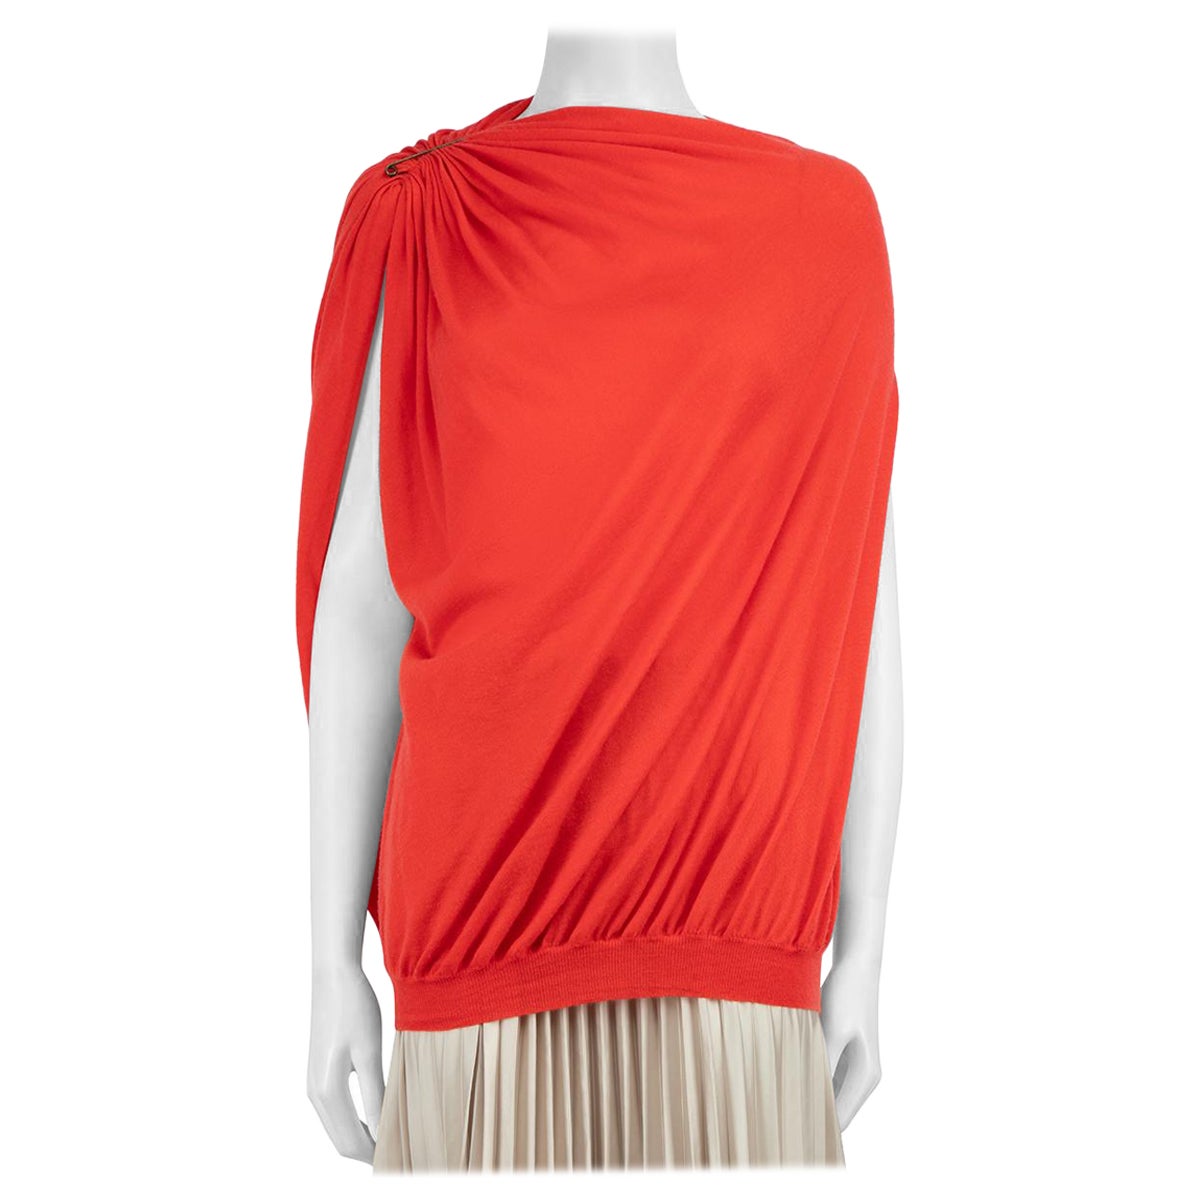 Lanvin Red Cashmere Fine Knit Draped Shoulder Top Size S For Sale
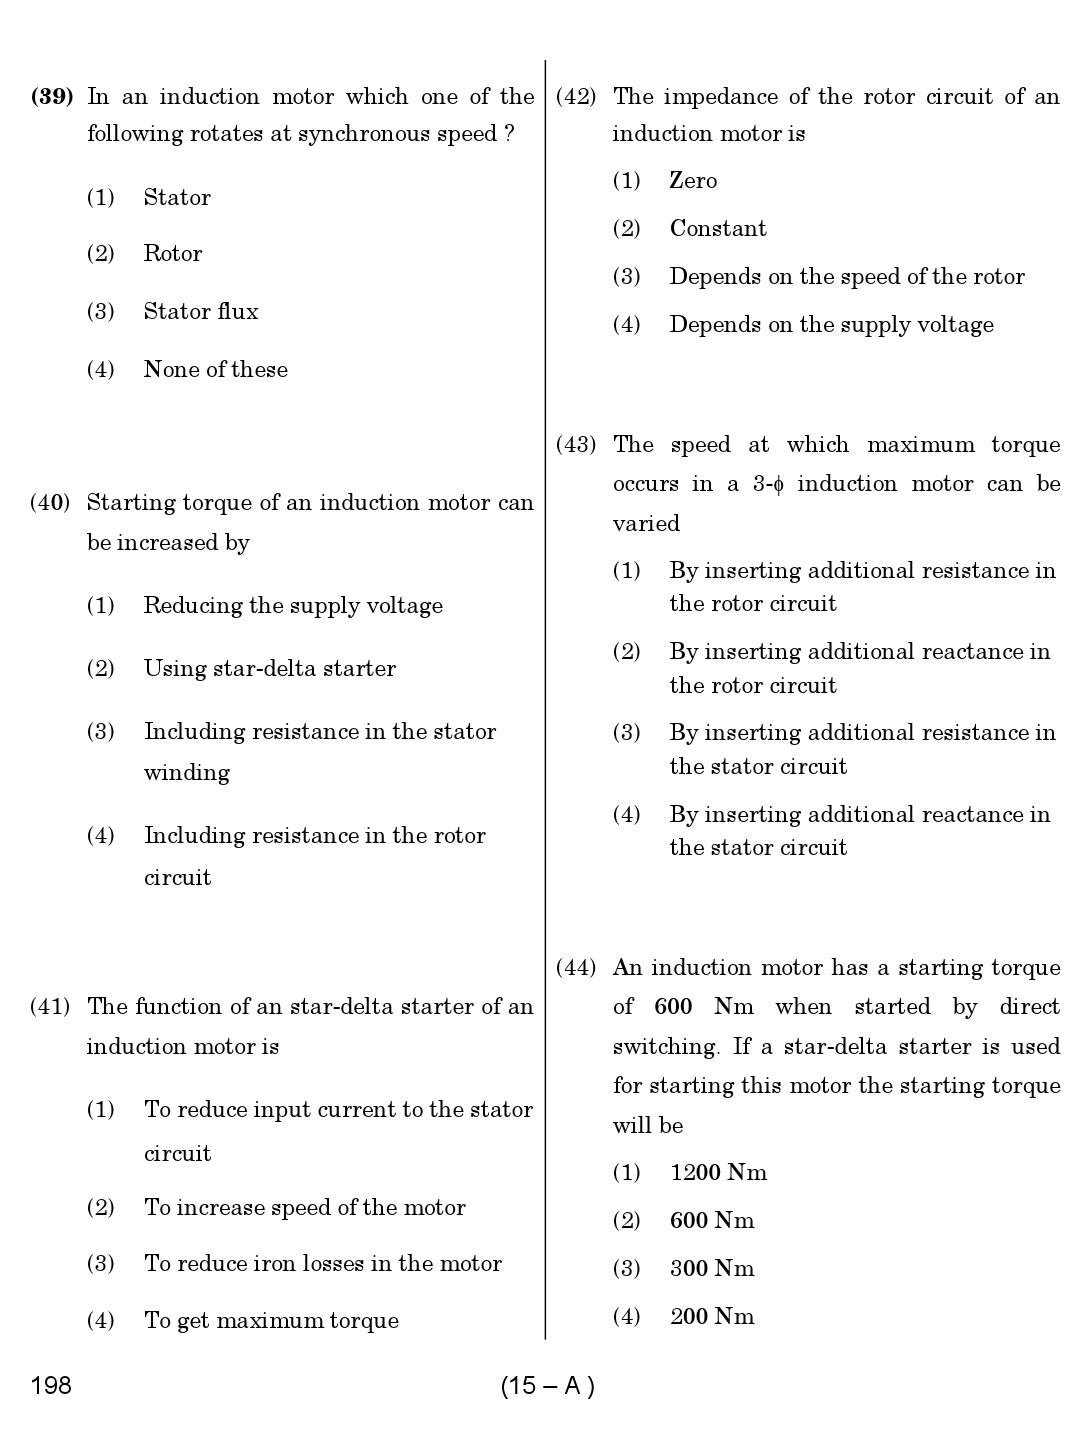 Karnataka PSC Junior Engineer Electrical Exam Sample Question Paper 15
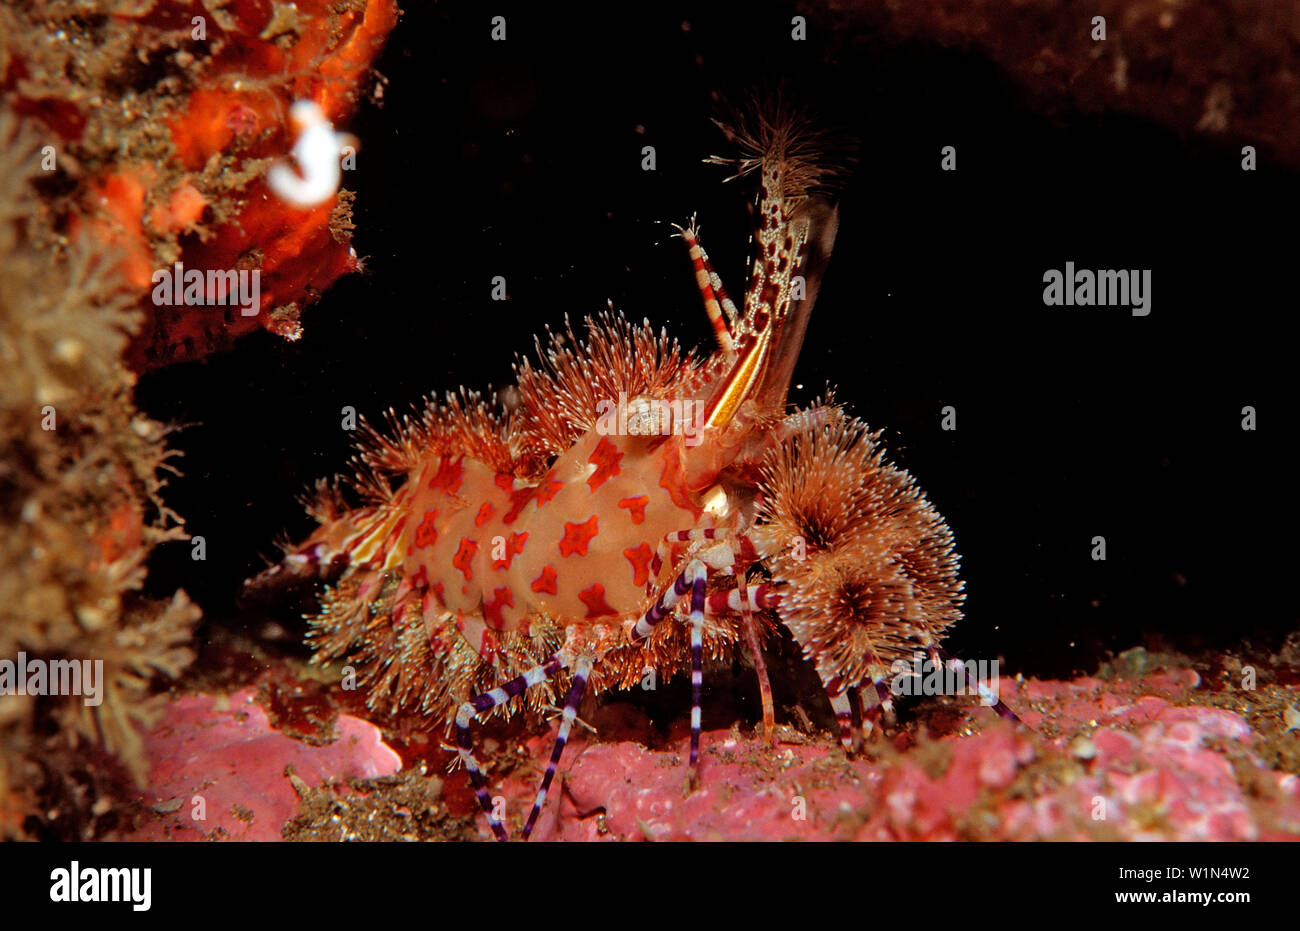 Marbled shrimp, Saron sp., Komodo National Park, Indian Ocean, Indonesia Stock Photo
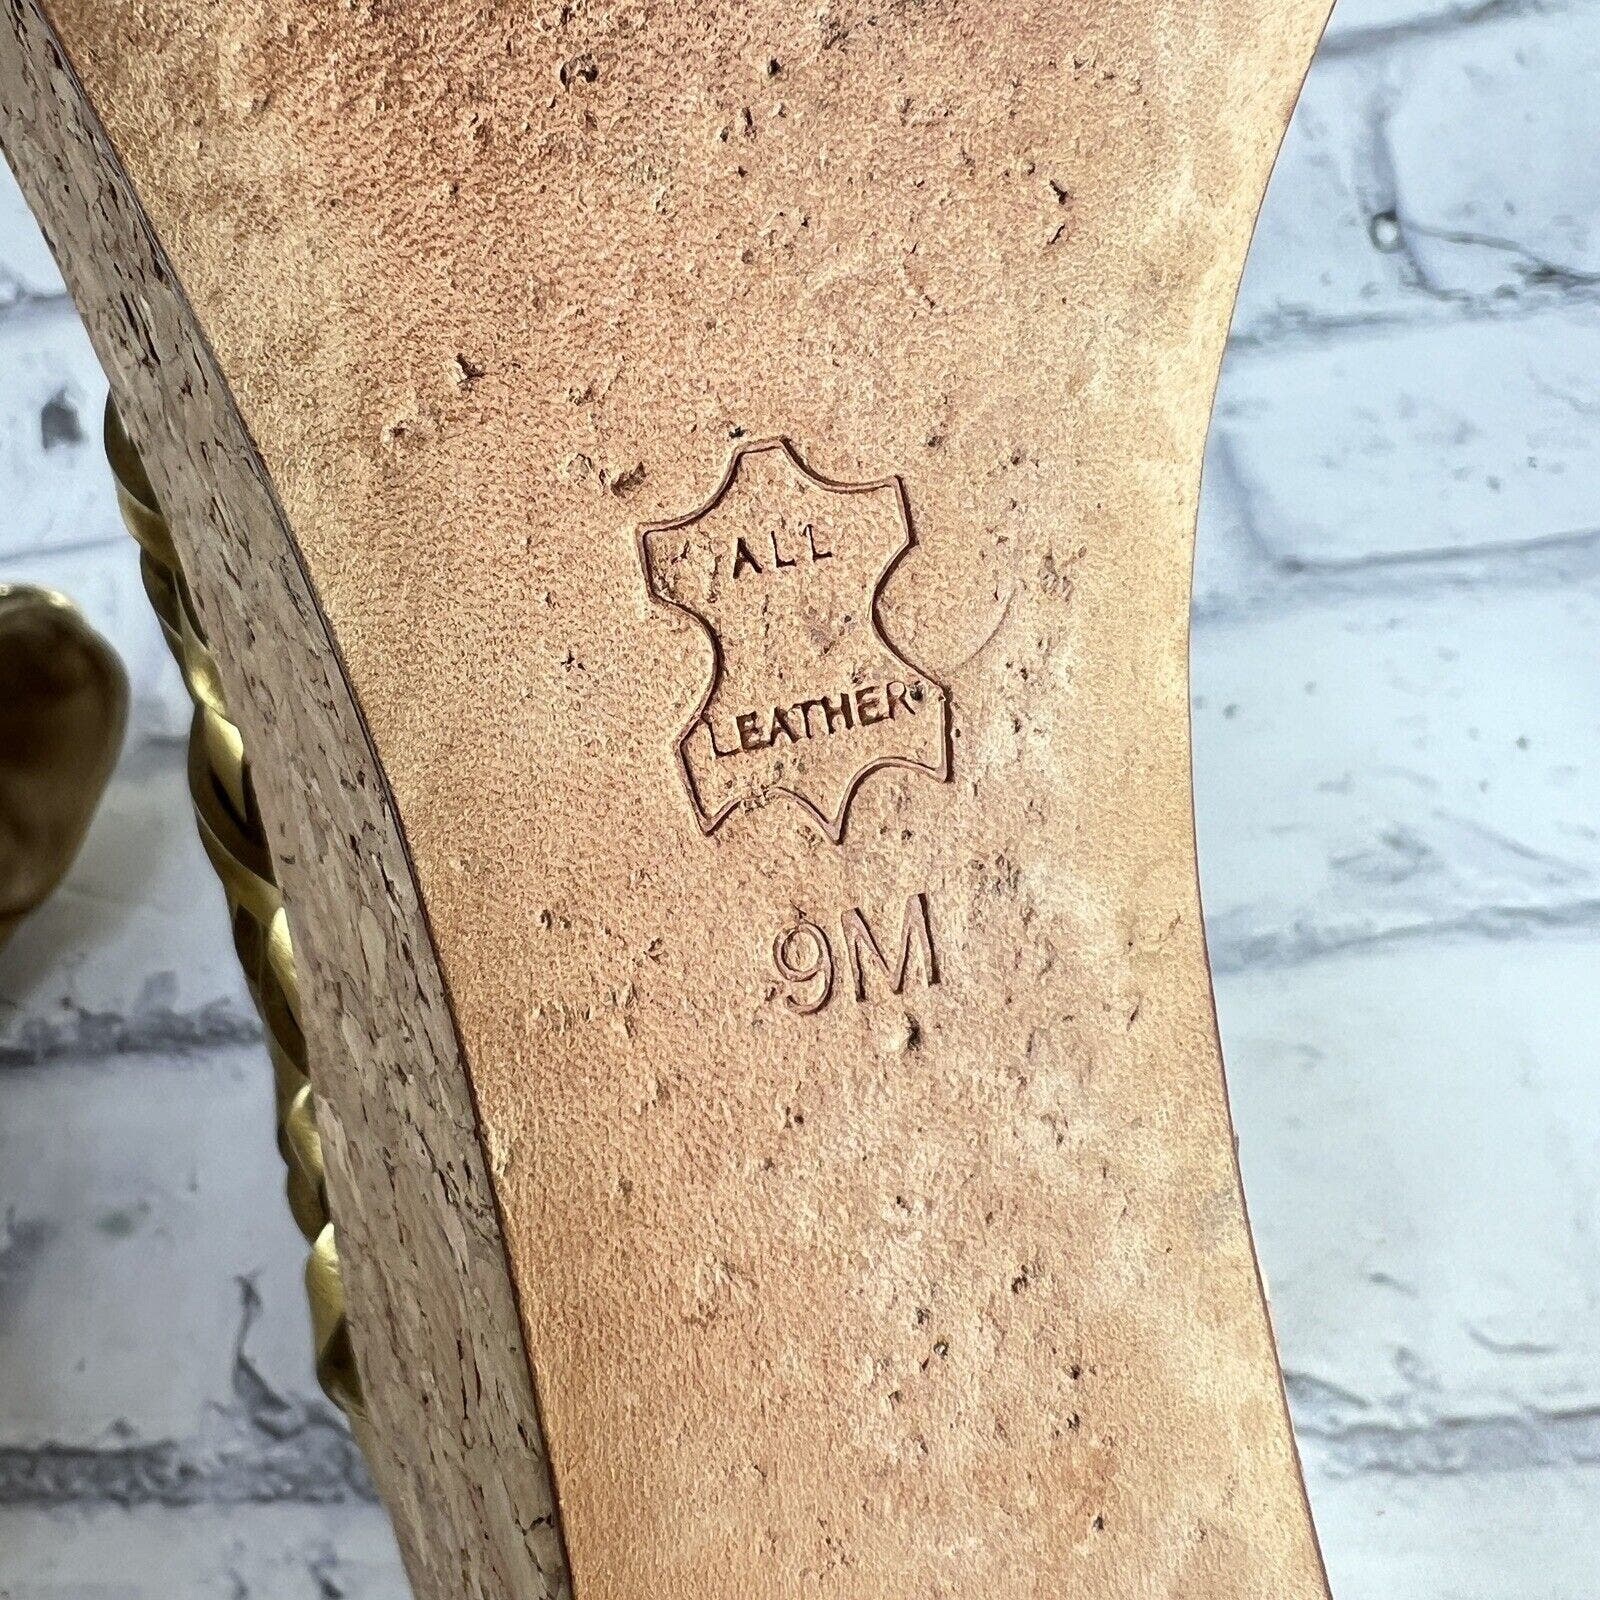 Tory Burch Wedge Platform Sandals Women’s 9 M Leather Cork Heels Gold Strappy
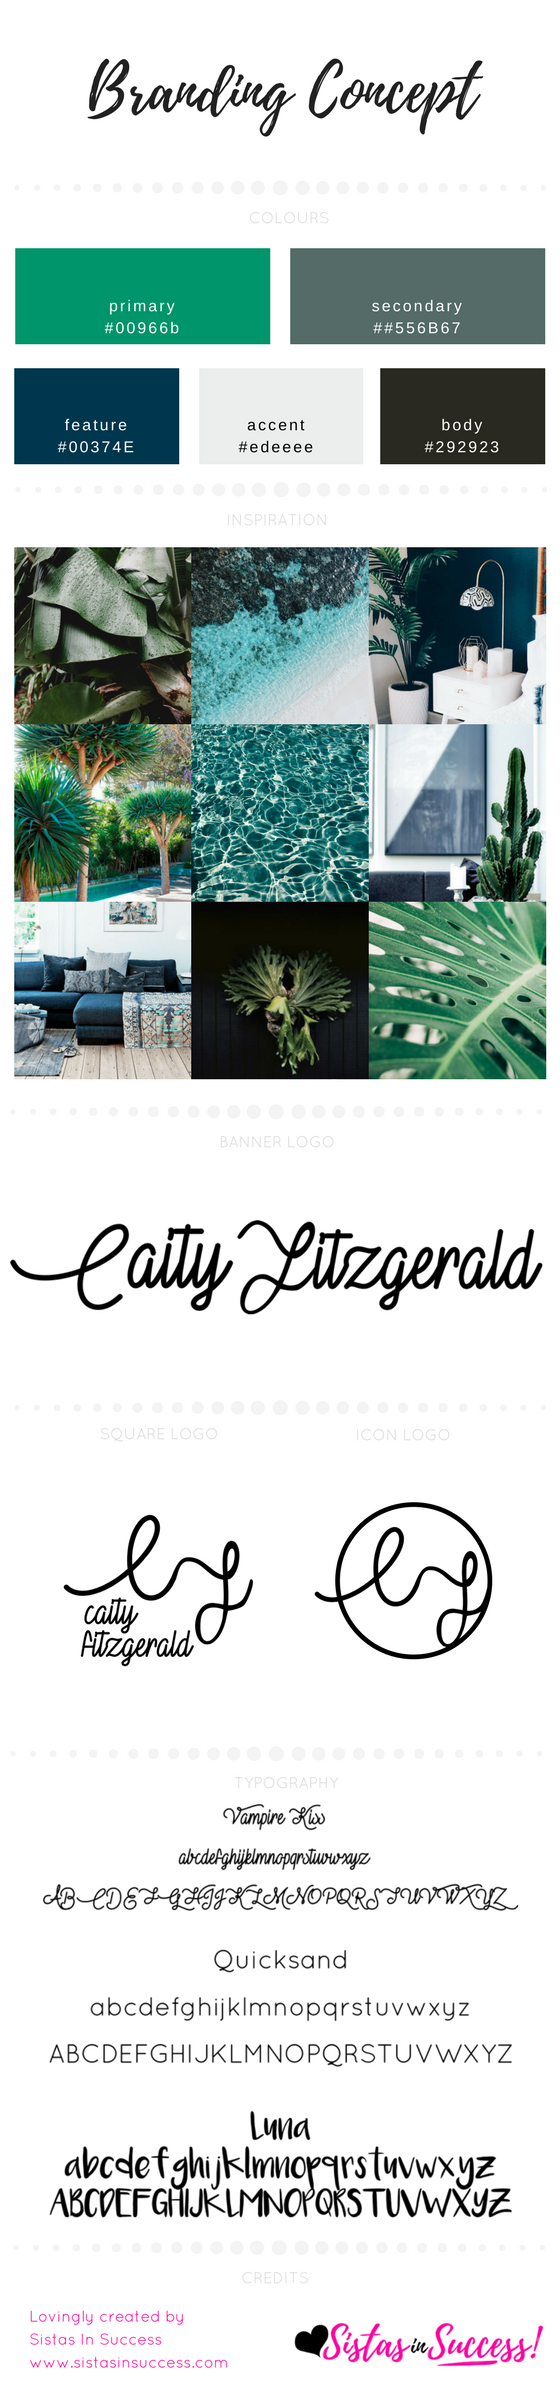 Caity Fitzgerald Branding Concept

☆ ☆ ☆ ☆

REQUIRED WORK: Without the pictures, return the entries exactly as they appear.

RESULT OF THIS EXERCISE:
 Lanvin Red Cashmere Fine Knit Draped Shoulder Top Size S For Sale
 Karnataka PSC Junior Engineer Electrical Exam Sample Question Paper 15
 Marbled shrimp, Saron sp., Komodo National Park, Indian Ocean, Indonesia Stock Photo
 Tory Burch Wedge Platform Sandals Women’s 9 M Leather Cork Heels Gold Strappy
 Caity Fitzgerald Branding Concept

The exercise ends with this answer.